Collaboration with Continuum of Care (CoC) Partners is Essential to Program Success

The allocated vouchers go into effect July 1, 2021, and will remain in effect until September 2023. Housing authorities who received EHVs must have a completed Memorandum of Understanding (MOU) in place with their CoC partners within 30 days of the effective date. This helps individuals needing the housing vouchers and supportive services receive the care they need soon as possible.

Serrette said he has been in contact with local CoC partners. In addition, all organizations have been having internal meetings and conference calls to determine current capacities and the best strategies to achieve their goals.

Serrette knows continual, open collaboration with CoC partners is the only way the program will work.
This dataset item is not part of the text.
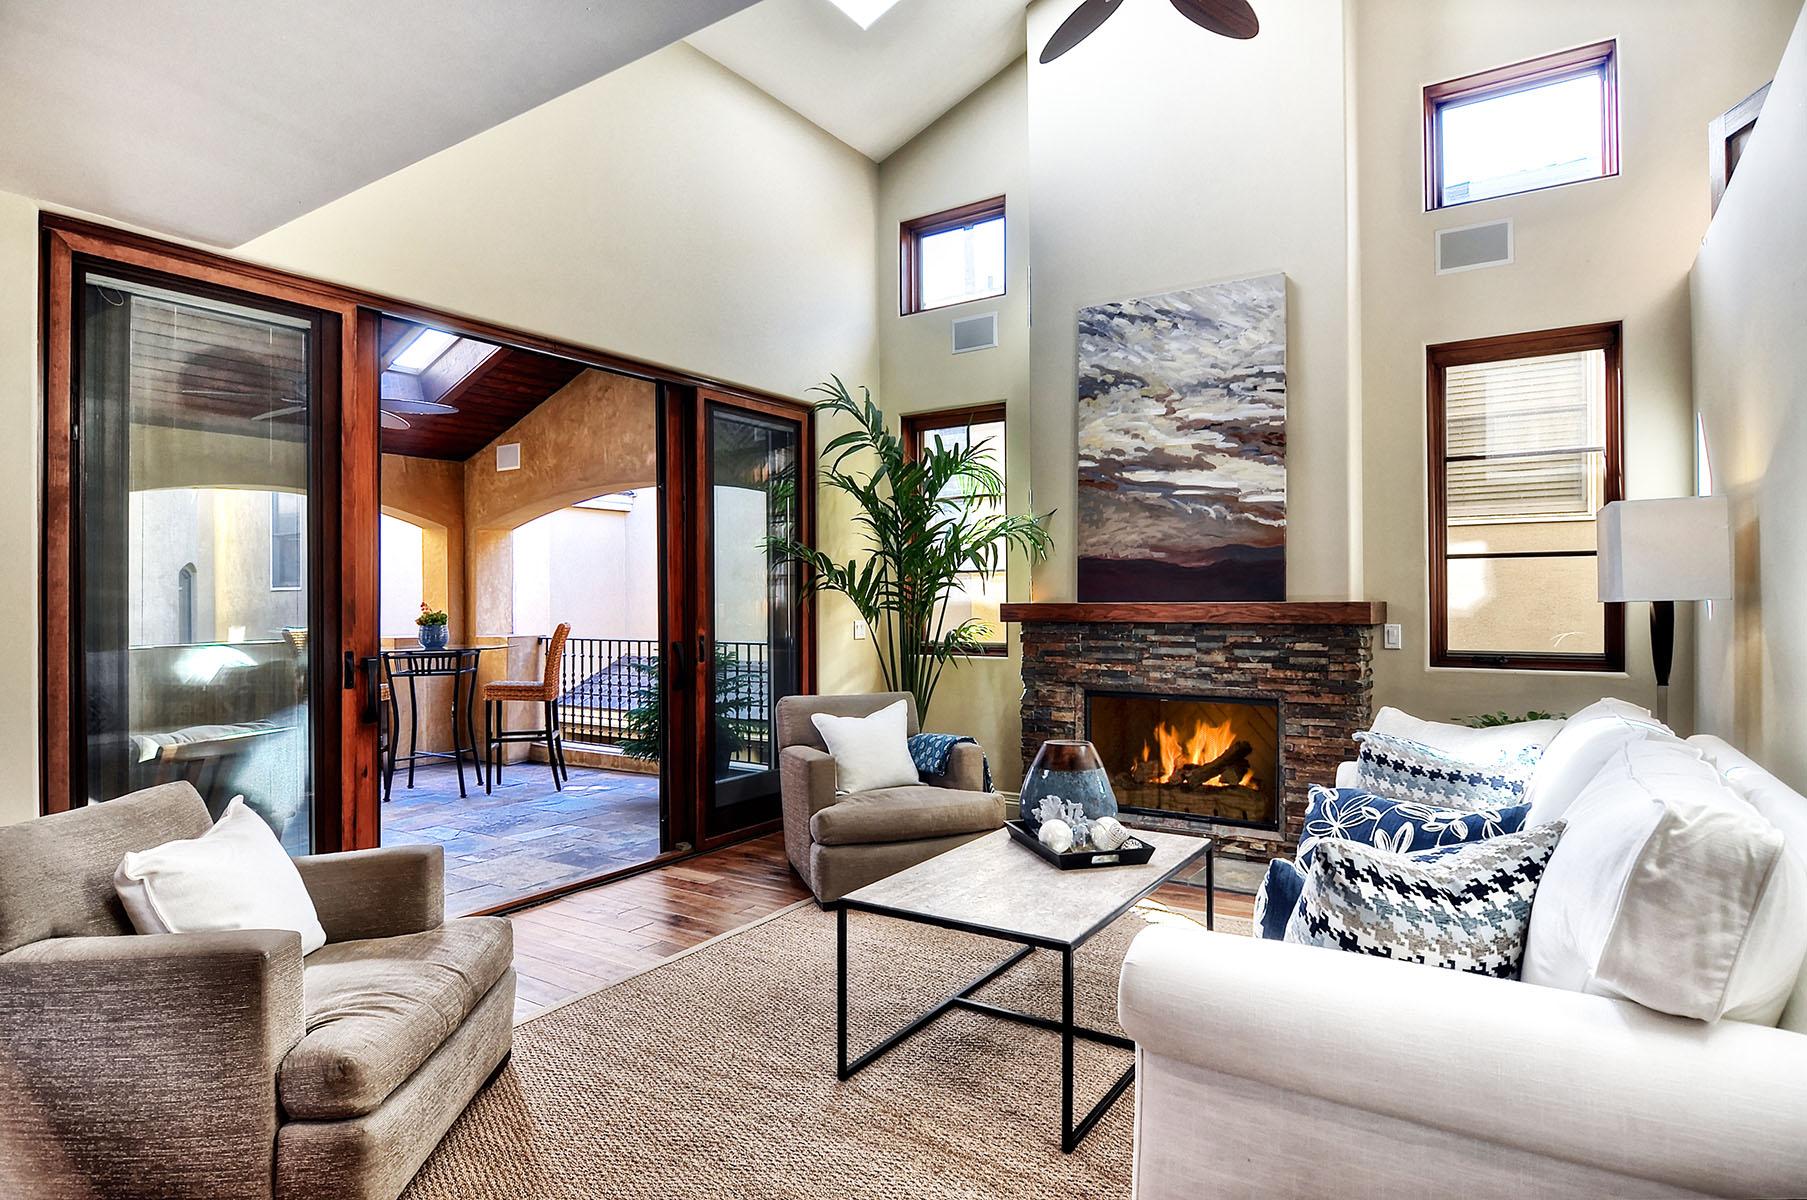 Condominium for Sale at 507 1/2 Goldenrod Ave 507 Goldenrod Ave 1/2 Corona Del Mar, California 92625 United States

“It’s just one of those things where it’s just brand new and most housing authorities probably haven’t done this. It’s about learning the ropes and making sure it’s done correctly,” Serrette said. “I think the biggest thing though is staying aggressive (when leasing) and making sure you are in constant communication with the CoCs to make sure you are getting referrals. It doesn’t matter how much money you have – if you’re not getting referrals or housing anyone, it doesn’t mean anything. Make sure the housing authority is getting referrals and that the pipeline always stays open.”

Keep it Simple: Streamline the Process

Serrette’s advice to any executive director or department manager tasked with implementing the EHV program and leasing the allocated vouchers?
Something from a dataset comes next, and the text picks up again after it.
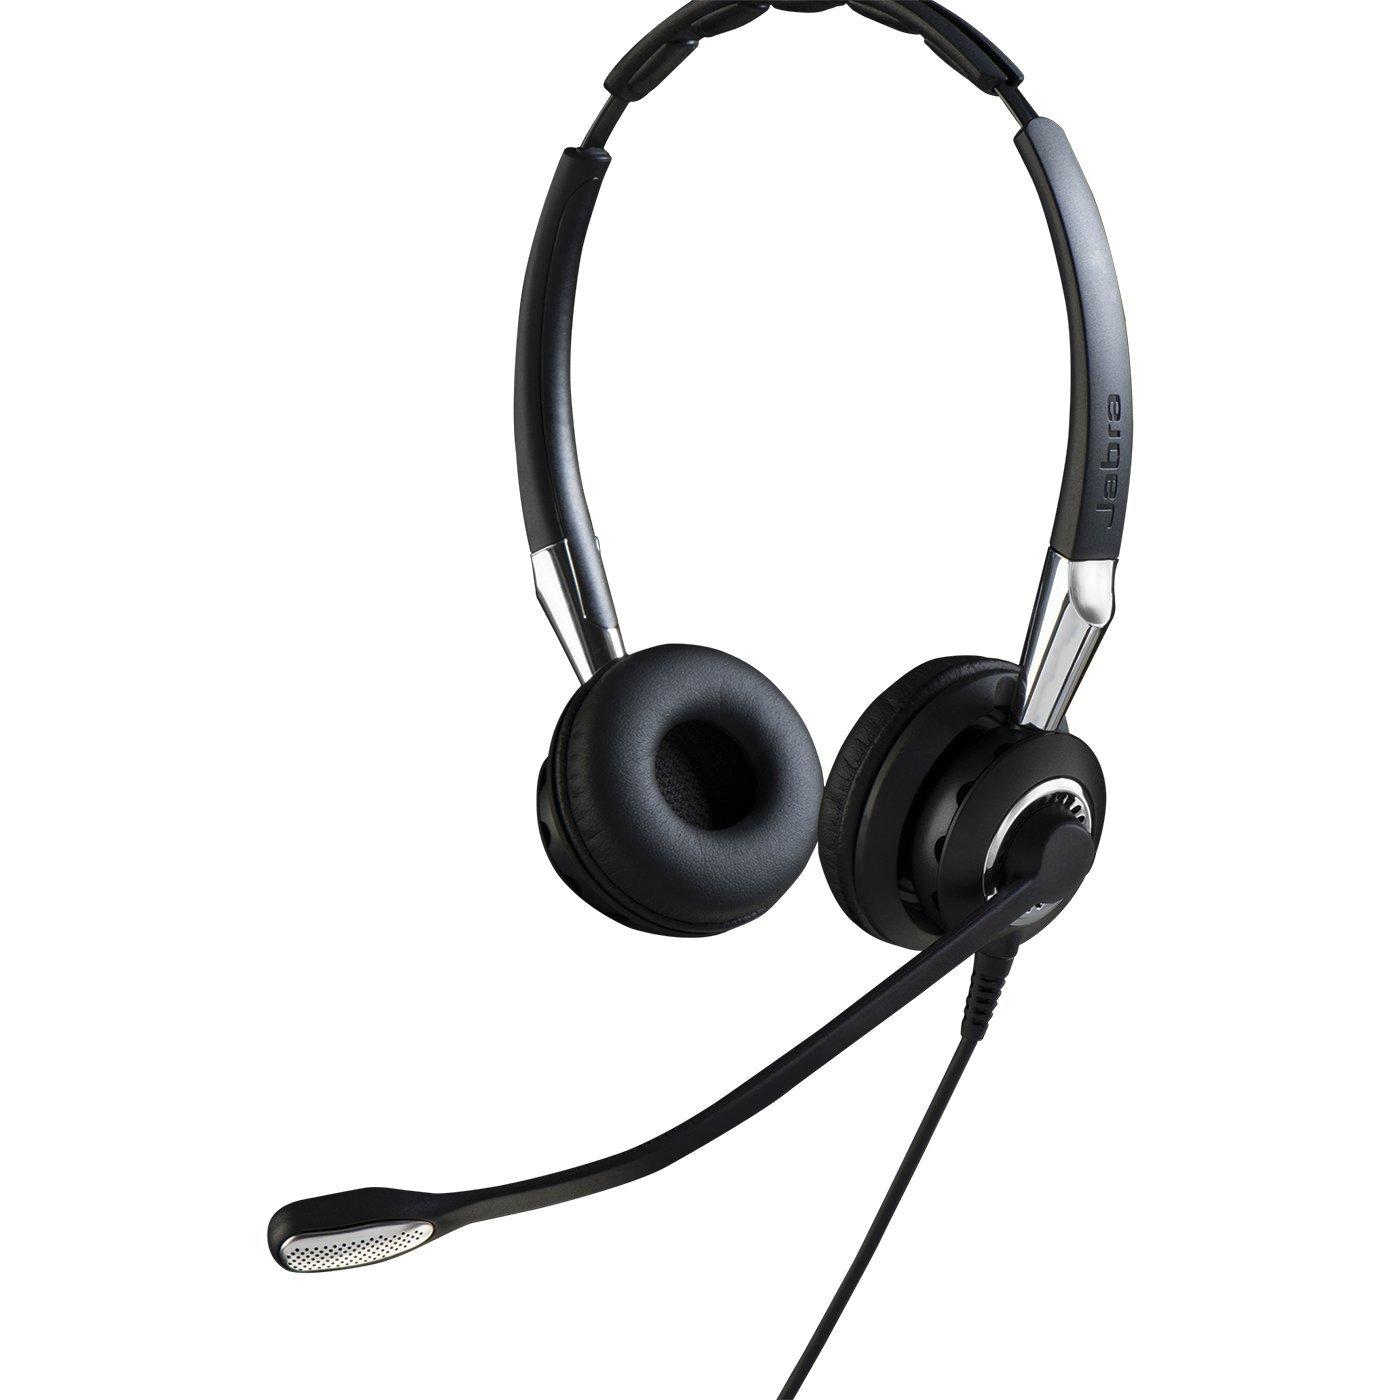 Casca Bluetooth Jabra BIZ 2400 Duo QD NC Wideband

Don’t overthink program administration.

Create clear, separate roles for the housing authorities and their CoC partners. Acknowledging CoC providers are experts in providing supportive services while understanding the housing authority’s most important role is to secure housing for voucher participants.

“Sometimes it’s better for the housing authority to say ‘hey, make sure you just get us the referral, and we can take care of the housing component.’ That way, (CoC providers) aren’t racking their brains trying to figure out the housing part,” Serrette said. “CoCs can provide support services for homeless individuals or at-risk individuals and provide an assessment. You want them to focus on their expertise, and let the housing authority do its job. HUD has given a lot of flexibility on this as far as documentation and determining eligibility. (HUD) wants to streamline it as much as possible.”

The EHV Program Could be Here to Stay

As one of Los Angeles County’s Homeless Incentive Program developers, Serrette believes well-run programs using EHVs could help alleviate America’s increasing homelessness population. He also believes there is a “strong possibility” HUD will renew the program or make it part of the Housing Choice Voucher program in some way.

“At this point now, you have to look at the effectiveness of those programs (addressing homelessness) and how we might be able to use the voucher program to assist in alleviating homelessness,” Serrette said. “There have been a few housing authorities who have already done this, and it’s been proven that there can be success with it. You need to have a lot of patience with a program like this, and make sure people aren’t getting frustrated along the way.”